§ PROBLEM REQUIREMENTS:
From the line containing "Boot mat boot" to the final line of the material below, return every line exactly. Do not include pictures.

§ EXERCISE DATA:
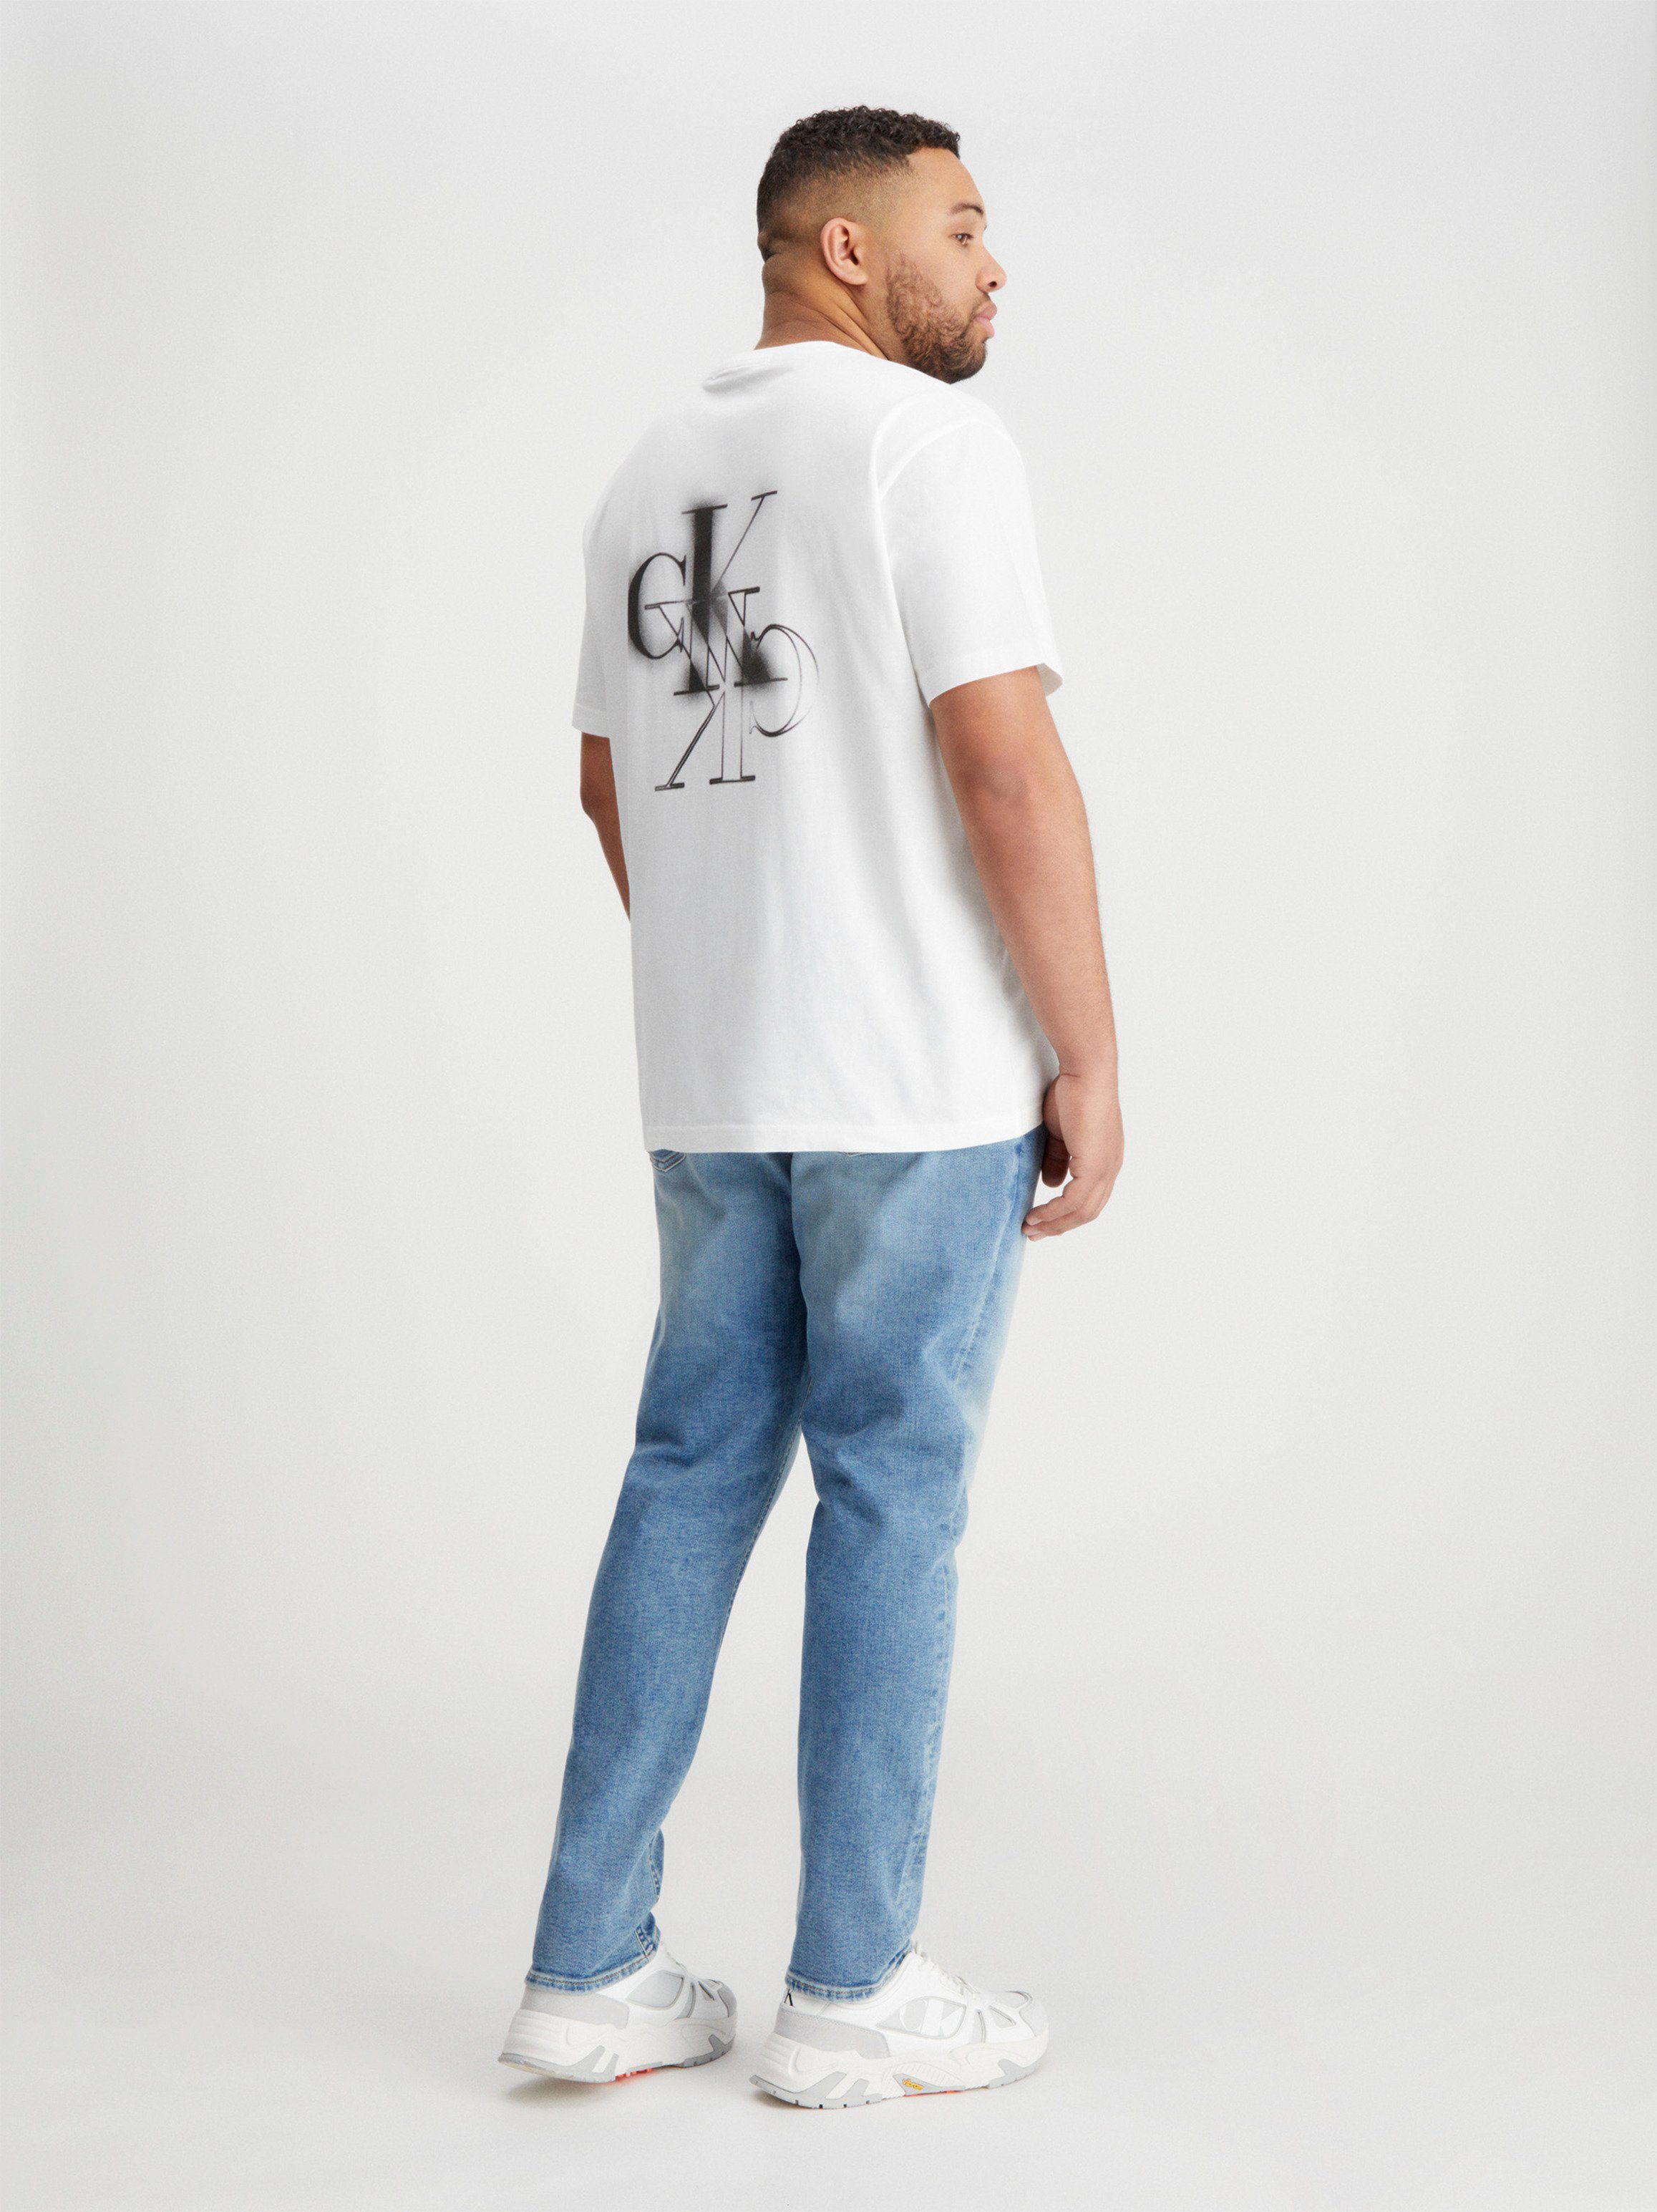 CK Klein TEE White T-Shirt Bright Jeans LOGO Plus PLUS Calvin MIRRORED
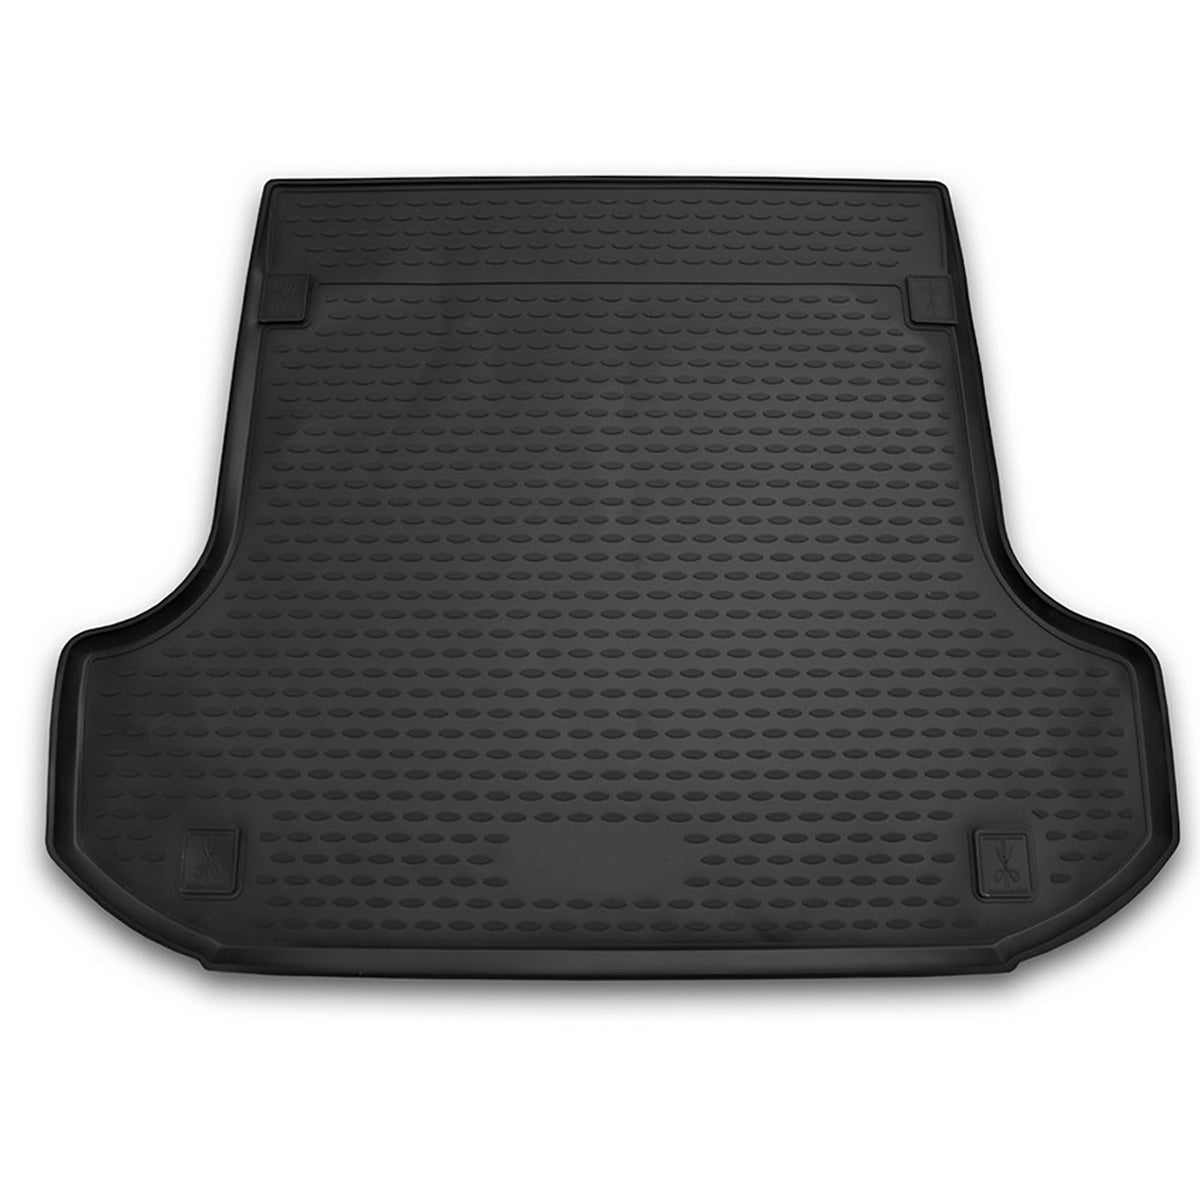 Boot mat boot liner for Dacia Logan MCV 2012-2020 rubber TPE black
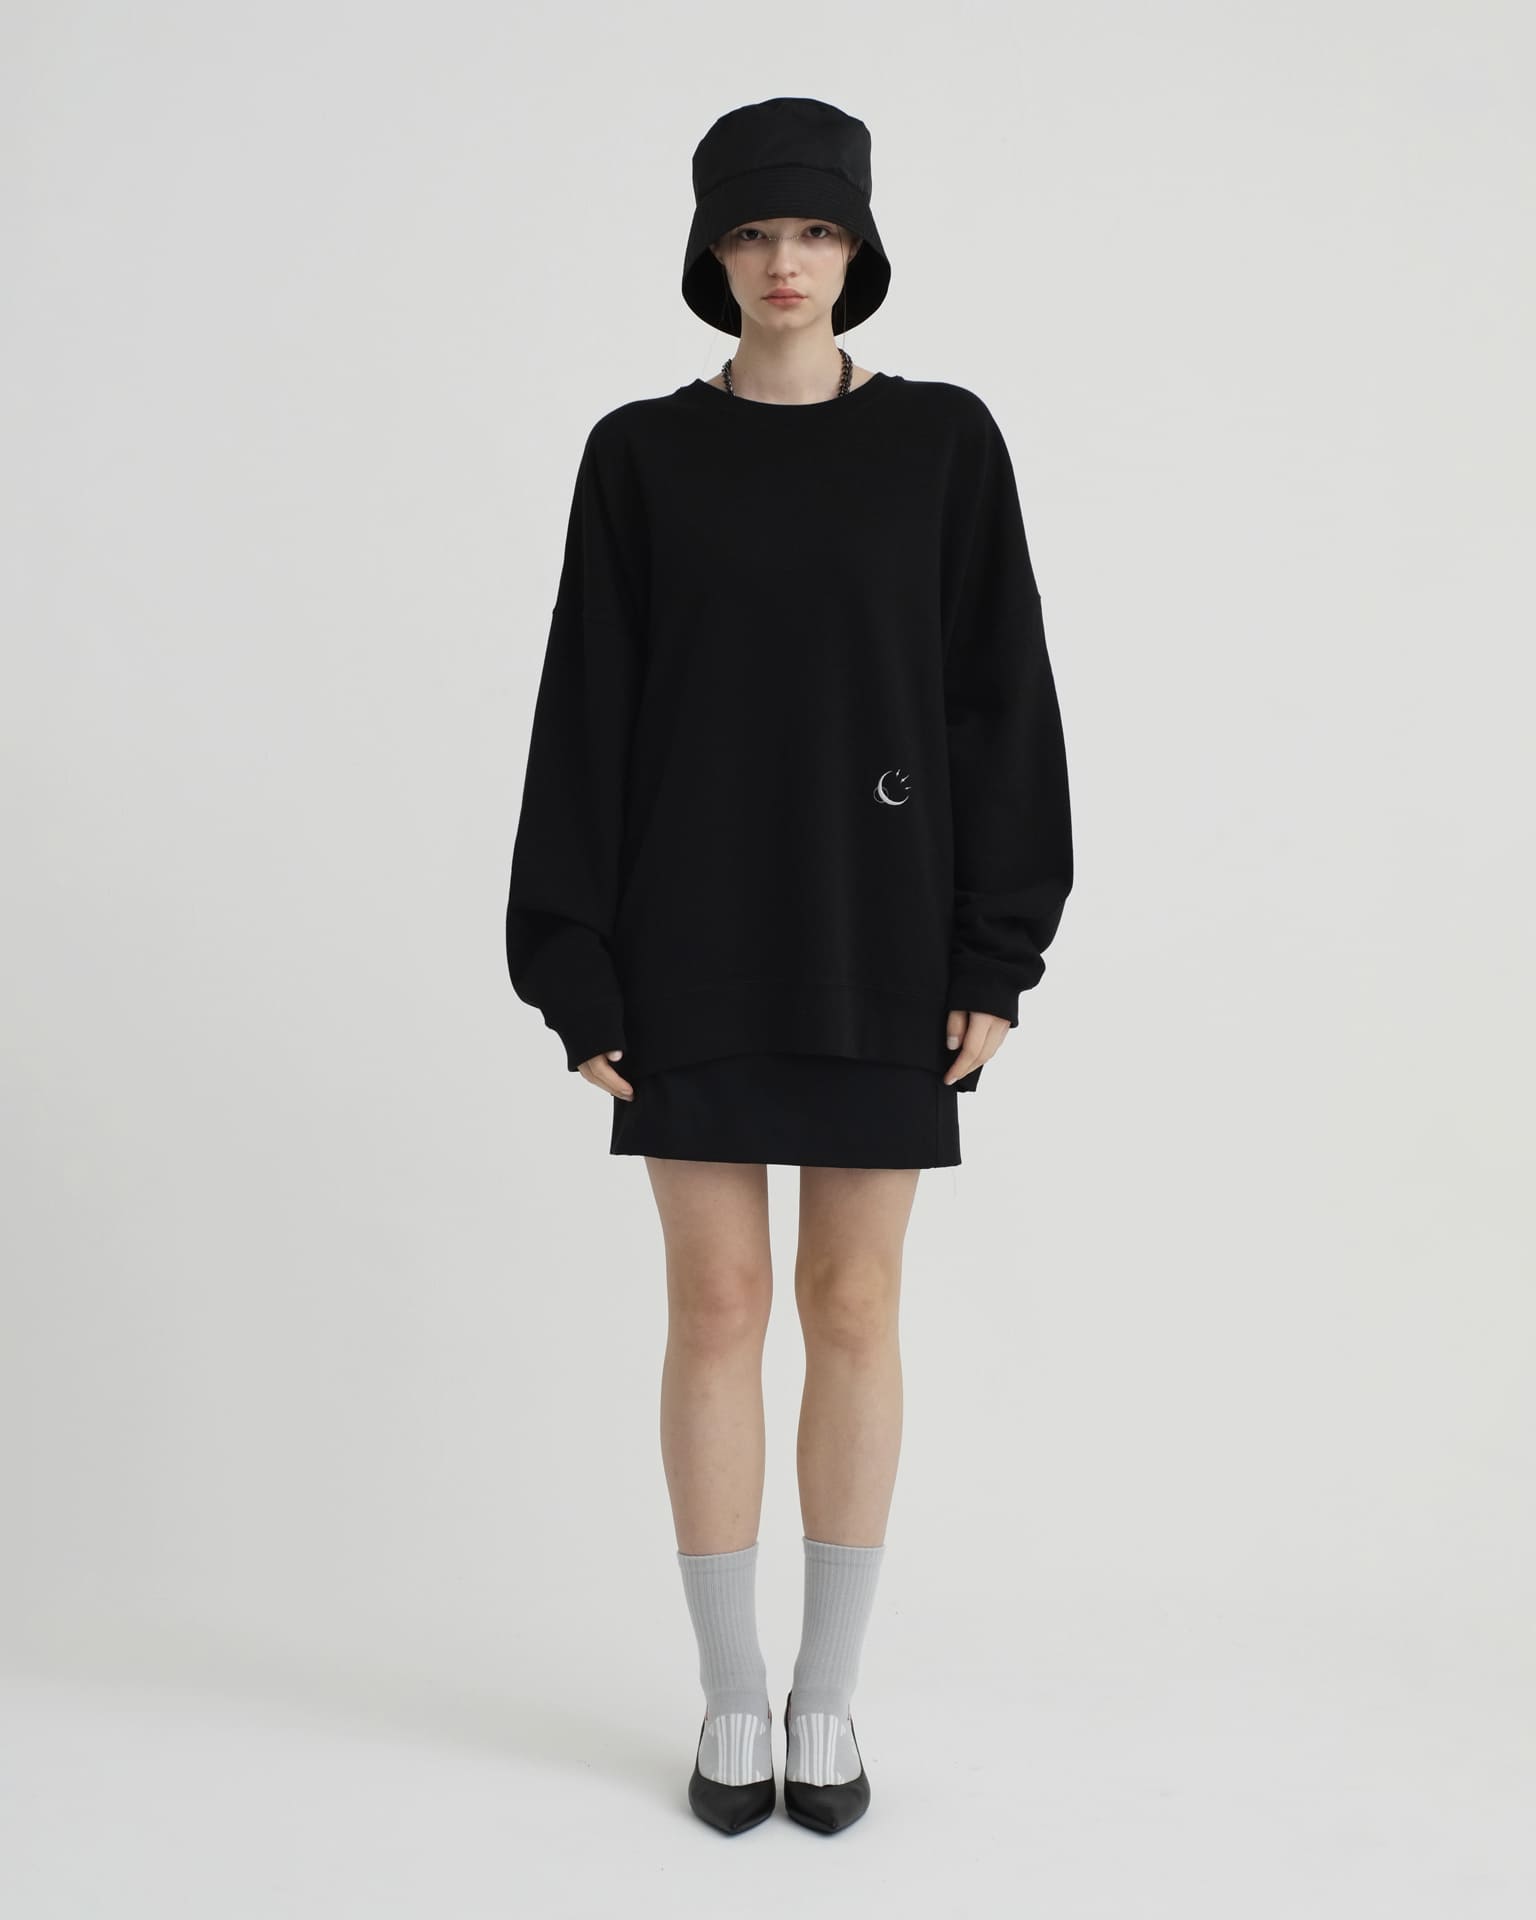 Spctra_Embroidered Sweatshirt Black

§ ANSWER:
 Boot mat boot liner for Dacia Logan MCV 2012-2020 rubber TPE black
 Spctra_Embroidered Sweatshirt Black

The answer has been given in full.